» **Exercise requirements**:
The lines from the start of the records through the one containing "Функция music scan" are to be transcribed exactly, and nothing else.

» **Data to process**:
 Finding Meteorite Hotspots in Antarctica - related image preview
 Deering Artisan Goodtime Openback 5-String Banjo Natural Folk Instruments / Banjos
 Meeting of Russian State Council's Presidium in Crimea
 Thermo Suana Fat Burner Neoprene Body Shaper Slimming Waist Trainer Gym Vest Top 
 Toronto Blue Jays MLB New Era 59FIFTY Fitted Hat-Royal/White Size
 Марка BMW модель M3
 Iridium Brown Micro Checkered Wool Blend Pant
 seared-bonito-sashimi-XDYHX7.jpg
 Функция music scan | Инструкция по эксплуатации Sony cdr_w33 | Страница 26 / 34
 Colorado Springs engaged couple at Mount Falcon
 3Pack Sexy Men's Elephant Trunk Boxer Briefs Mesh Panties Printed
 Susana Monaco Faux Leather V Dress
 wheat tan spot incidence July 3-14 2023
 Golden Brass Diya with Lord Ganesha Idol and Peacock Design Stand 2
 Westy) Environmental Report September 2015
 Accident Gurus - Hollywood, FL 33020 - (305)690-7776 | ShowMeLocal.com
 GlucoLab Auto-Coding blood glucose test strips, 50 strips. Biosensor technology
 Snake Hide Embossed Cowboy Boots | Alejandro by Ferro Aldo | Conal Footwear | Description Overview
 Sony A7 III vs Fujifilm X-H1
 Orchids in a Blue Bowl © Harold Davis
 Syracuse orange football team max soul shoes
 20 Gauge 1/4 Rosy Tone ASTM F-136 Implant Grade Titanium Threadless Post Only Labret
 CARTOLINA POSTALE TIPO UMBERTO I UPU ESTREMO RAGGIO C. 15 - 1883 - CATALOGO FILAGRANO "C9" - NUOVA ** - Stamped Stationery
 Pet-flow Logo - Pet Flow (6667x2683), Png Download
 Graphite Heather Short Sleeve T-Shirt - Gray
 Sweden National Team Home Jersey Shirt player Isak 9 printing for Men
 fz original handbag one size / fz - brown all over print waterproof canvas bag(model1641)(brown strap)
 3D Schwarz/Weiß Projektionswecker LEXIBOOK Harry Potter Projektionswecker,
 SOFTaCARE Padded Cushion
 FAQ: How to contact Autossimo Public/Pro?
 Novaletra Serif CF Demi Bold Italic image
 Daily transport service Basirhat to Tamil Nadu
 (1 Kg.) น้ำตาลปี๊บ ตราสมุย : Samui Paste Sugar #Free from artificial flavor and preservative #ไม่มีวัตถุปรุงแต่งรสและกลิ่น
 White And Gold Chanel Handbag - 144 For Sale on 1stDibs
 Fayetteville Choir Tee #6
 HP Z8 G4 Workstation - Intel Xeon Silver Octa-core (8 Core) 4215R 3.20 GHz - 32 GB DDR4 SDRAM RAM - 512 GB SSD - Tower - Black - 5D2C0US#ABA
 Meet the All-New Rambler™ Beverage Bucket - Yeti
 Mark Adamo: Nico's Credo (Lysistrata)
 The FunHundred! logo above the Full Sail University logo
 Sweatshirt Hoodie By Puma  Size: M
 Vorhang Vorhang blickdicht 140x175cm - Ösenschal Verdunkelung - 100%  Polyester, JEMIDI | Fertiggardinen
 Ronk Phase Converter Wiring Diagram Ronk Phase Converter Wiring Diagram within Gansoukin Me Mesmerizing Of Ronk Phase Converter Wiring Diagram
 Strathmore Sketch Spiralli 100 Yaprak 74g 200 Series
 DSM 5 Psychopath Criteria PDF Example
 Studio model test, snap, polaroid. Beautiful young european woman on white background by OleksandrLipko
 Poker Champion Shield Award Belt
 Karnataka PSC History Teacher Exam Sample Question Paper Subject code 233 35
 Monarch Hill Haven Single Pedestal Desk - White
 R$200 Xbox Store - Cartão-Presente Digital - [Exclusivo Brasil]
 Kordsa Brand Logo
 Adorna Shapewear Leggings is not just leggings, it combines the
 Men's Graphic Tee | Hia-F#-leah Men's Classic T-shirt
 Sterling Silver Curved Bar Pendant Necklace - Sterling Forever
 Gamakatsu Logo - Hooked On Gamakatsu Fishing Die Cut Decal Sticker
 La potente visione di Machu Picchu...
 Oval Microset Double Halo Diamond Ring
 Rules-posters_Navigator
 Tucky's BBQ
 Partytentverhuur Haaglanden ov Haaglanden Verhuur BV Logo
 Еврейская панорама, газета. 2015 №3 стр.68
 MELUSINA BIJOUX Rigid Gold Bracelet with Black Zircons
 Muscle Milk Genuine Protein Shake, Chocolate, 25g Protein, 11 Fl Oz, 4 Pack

» **Response box**:
 Finding Meteorite Hotspots in Antarctica - related image preview
 Deering Artisan Goodtime Openback 5-String Banjo Natural Folk Instruments / Banjos
 Meeting of Russian State Council's Presidium in Crimea
 Thermo Suana Fat Burner Neoprene Body Shaper Slimming Waist Trainer Gym Vest Top 
 Toronto Blue Jays MLB New Era 59FIFTY Fitted Hat-Royal/White Size
 Марка BMW модель M3
 Iridium Brown Micro Checkered Wool Blend Pant
 seared-bonito-sashimi-XDYHX7.jpg
 Функция music scan | Инструкция по эксплуатации Sony cdr_w33 | Страница 26 / 34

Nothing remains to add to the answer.